Uva 10765 - Doves and bombs 求割点..找去掉某点一个连通图会变成几个部分..

时间:2022-03-04 15:47:55

           题意:

                    给了一个联通无向图...现在问去掉某个点..会让图变成几个联通块?...输出的..按分出的从多到小..若相等..输出标号从小到大.输出M个...

           题解:

                    从求割点的过程演变得出一个点去掉会将图变成几个联通块..
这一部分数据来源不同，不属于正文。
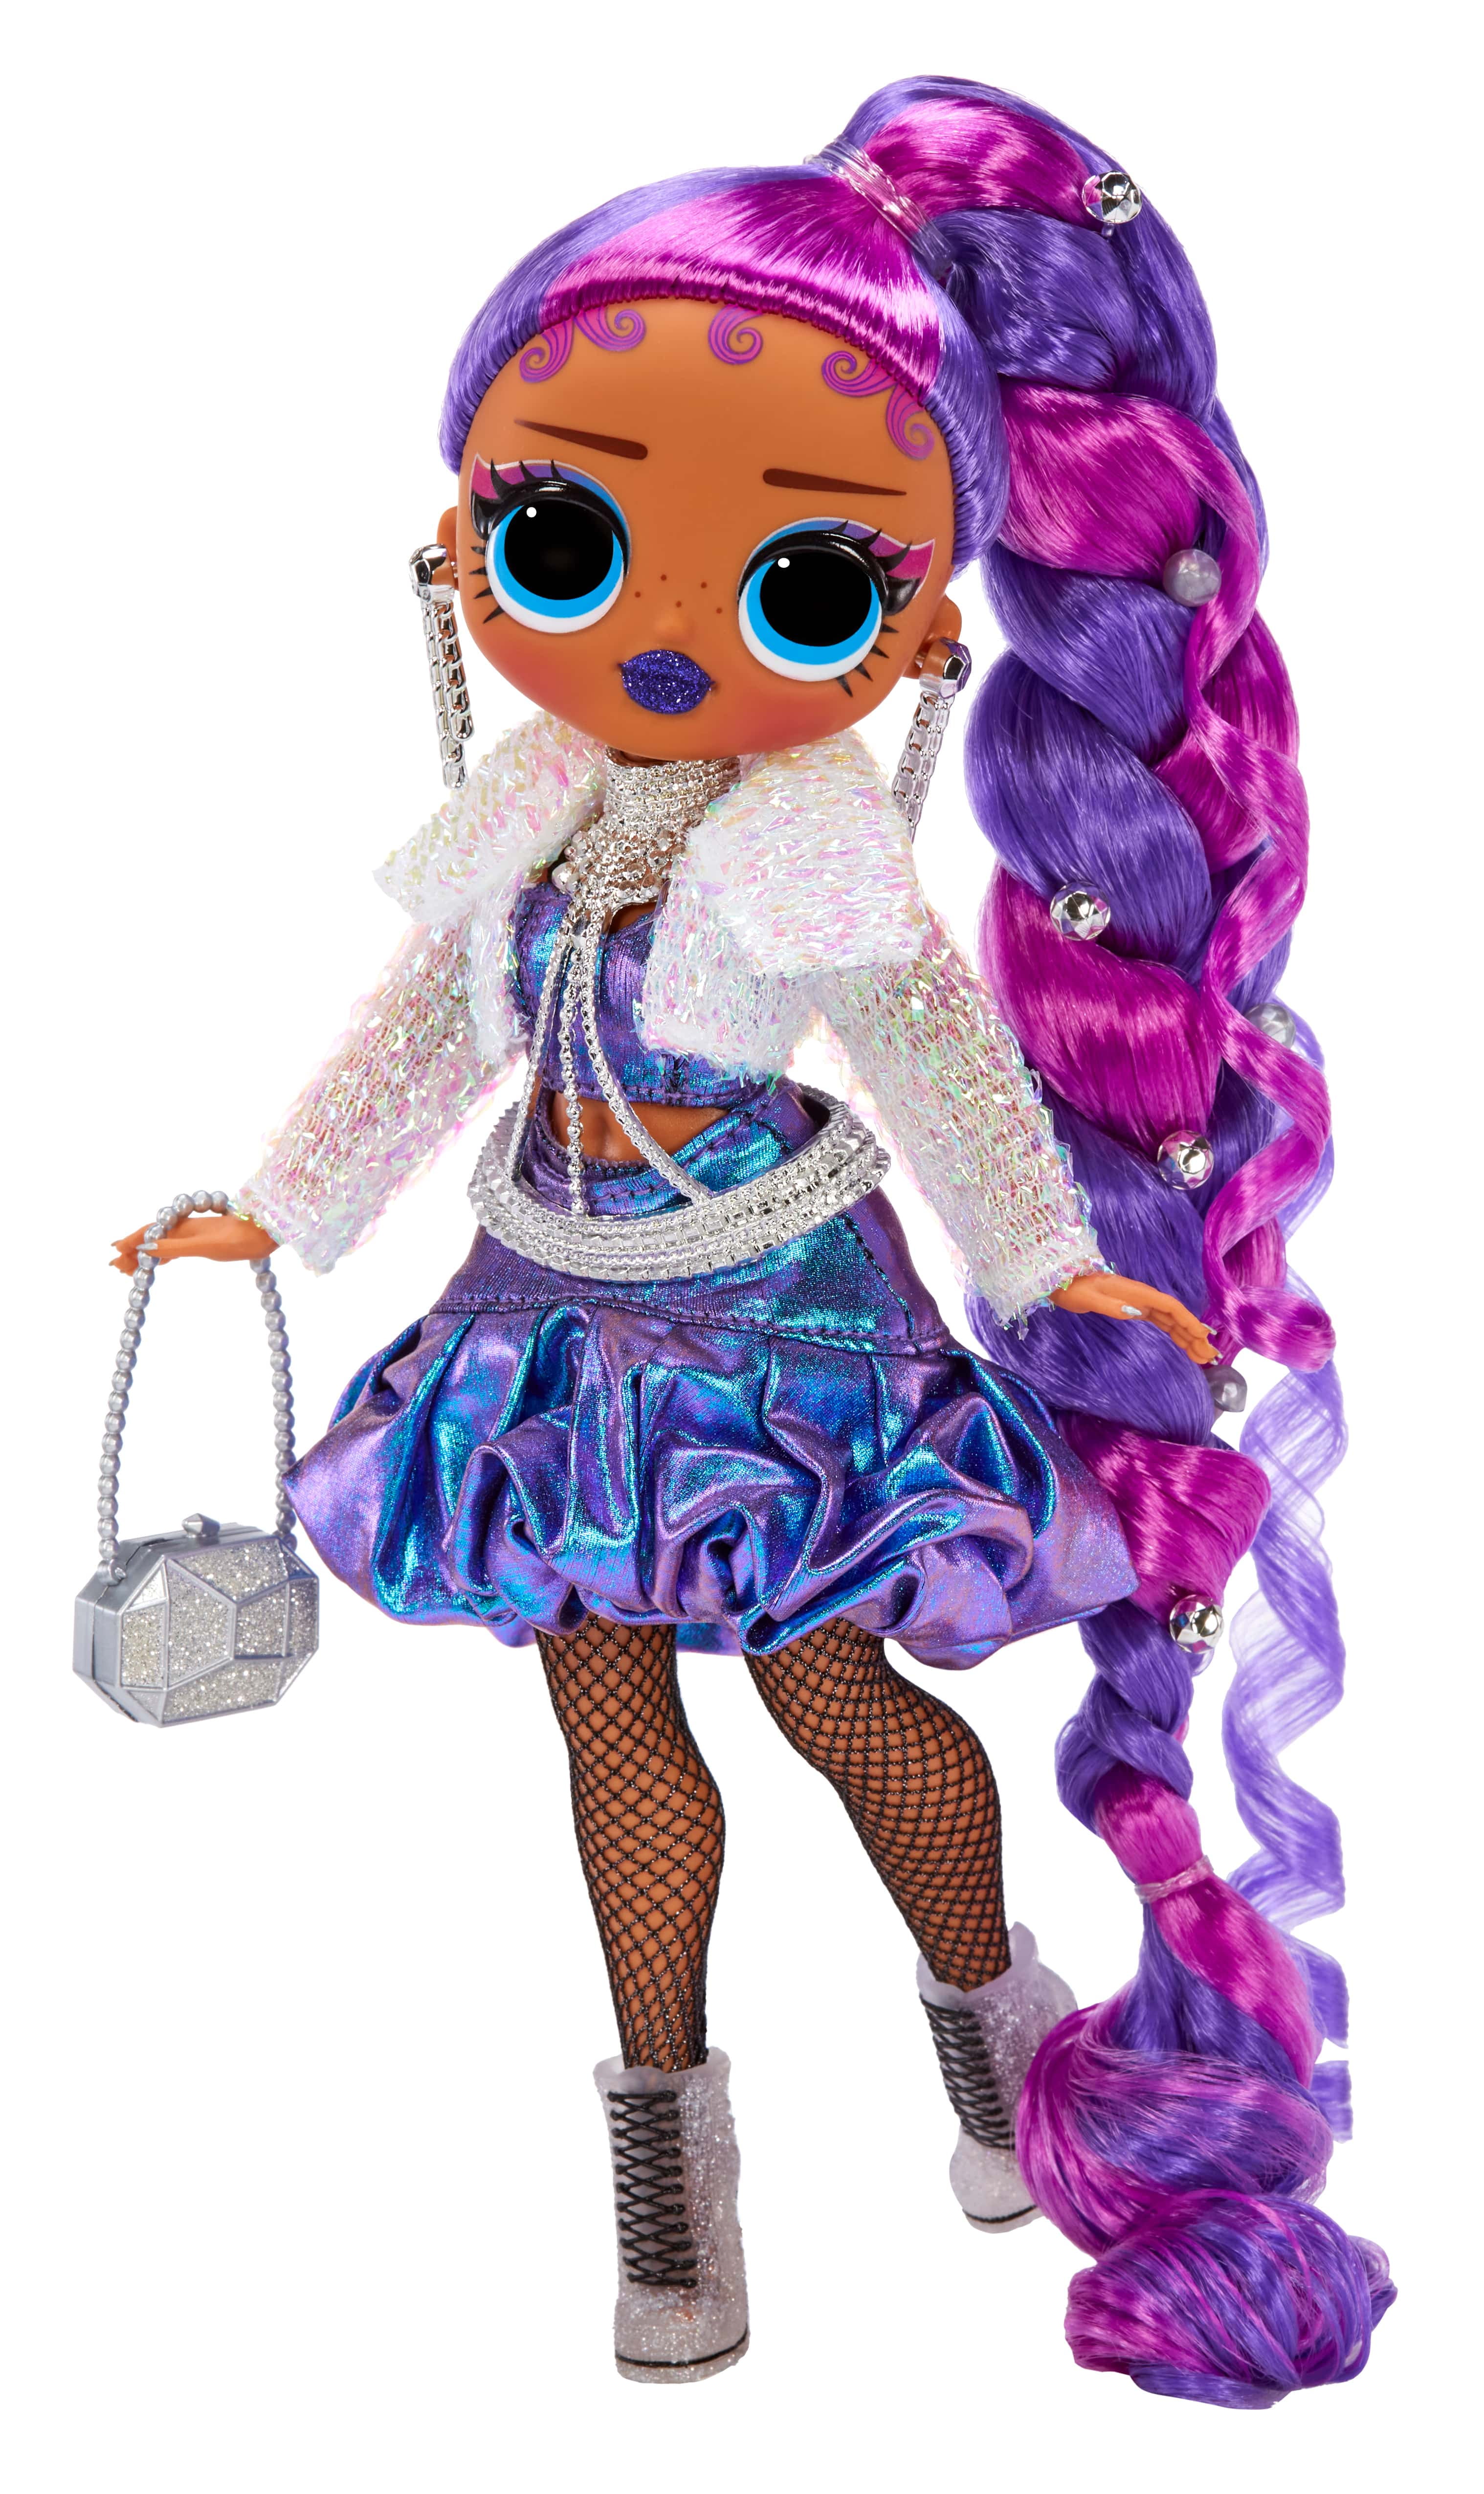 LOL Surprise OMG Queens Runway Diva fashion doll with 20 Surprises  Including Outfit and Accessories for Fashion Toy, Girls Ages 3 and up,  10-inch doll

                    也就是在做tarjan时...当一个边dfn[u]<=low[v]时..其分成的块个数++..但值得注意的同样是一个联通快第一个进去的点.个数要-1...


Program:

#include<iostream>
#include<stdio.h>
#include<string.h>
#include<set>
#include <stack>
#include<queue>
#include<algorithm>
#include<cmath>
#define oo 1000000007
#define ll long long
#define pi acos(-1.0)
#define MAXN 10005
#define MAXM 500505
using namespace std;     
struct node
{
      int v,u,id,next; 
}edge[MAXM];
struct NODE
{
      int id,num;
}ans[MAXN];
int Ne,_next[MAXN],dfn[MAXN],DfsIndex,low[MAXN]; 
set<int> Ans[MAXN];
void addedge(int u,int v,int id)
{
      edge[++Ne].next=_next[u],_next[u]=Ne;
      edge[Ne].u=u,edge[Ne].v=v,edge[Ne].id=id;
}
void tarjan(int u,int id)  
{  
      dfn[u]=low[u]=++DfsIndex;   
      ans[u].id=u,ans[u].num=1;
      for (int k=_next[u];k;k=edge[k].next)  
         if (edge[k].id!=id)  
         {  
                int v=edge[k].v;      
                if (!dfn[v])  
                {  
                       tarjan(v,edge[k].id);  
                       low[u]=min(low[u],low[v]);  
                       if (dfn[u]<=low[v]) ans[u].num++;  
                }else  
                       low[u]=min(low[u],dfn[v]);  
        }   
}  
bool cmp(NODE a,NODE b)
{
      if (a.num!=b.num) return a.num>b.num;
      return a.id<b.id;
}
int main()
{      
      int u,v,n,m,id,i;  
      while (scanf("%d%d",&n,&m) && n && m)
      {
               Ne=id=0,memset(_next,0,sizeof(_next));
               while (scanf("%d%d",&u,&v) && u!=-1)
                   addedge(u,v,++id),addedge(v,u,id);
               memset(dfn,0,sizeof(dfn));  
               DfsIndex=0;
               for (u=0;u<n;u++)
                  if (!dfn[u]) 
                  {     
                         tarjan(u,0); 
                         ans[u].num--;
                  }   
               sort(ans,ans+n,cmp); 
               for (i=0;i<m;i++) printf("%d %d\n",ans[i].id,ans[i].num); 
               puts("");
      }
      return 0;
}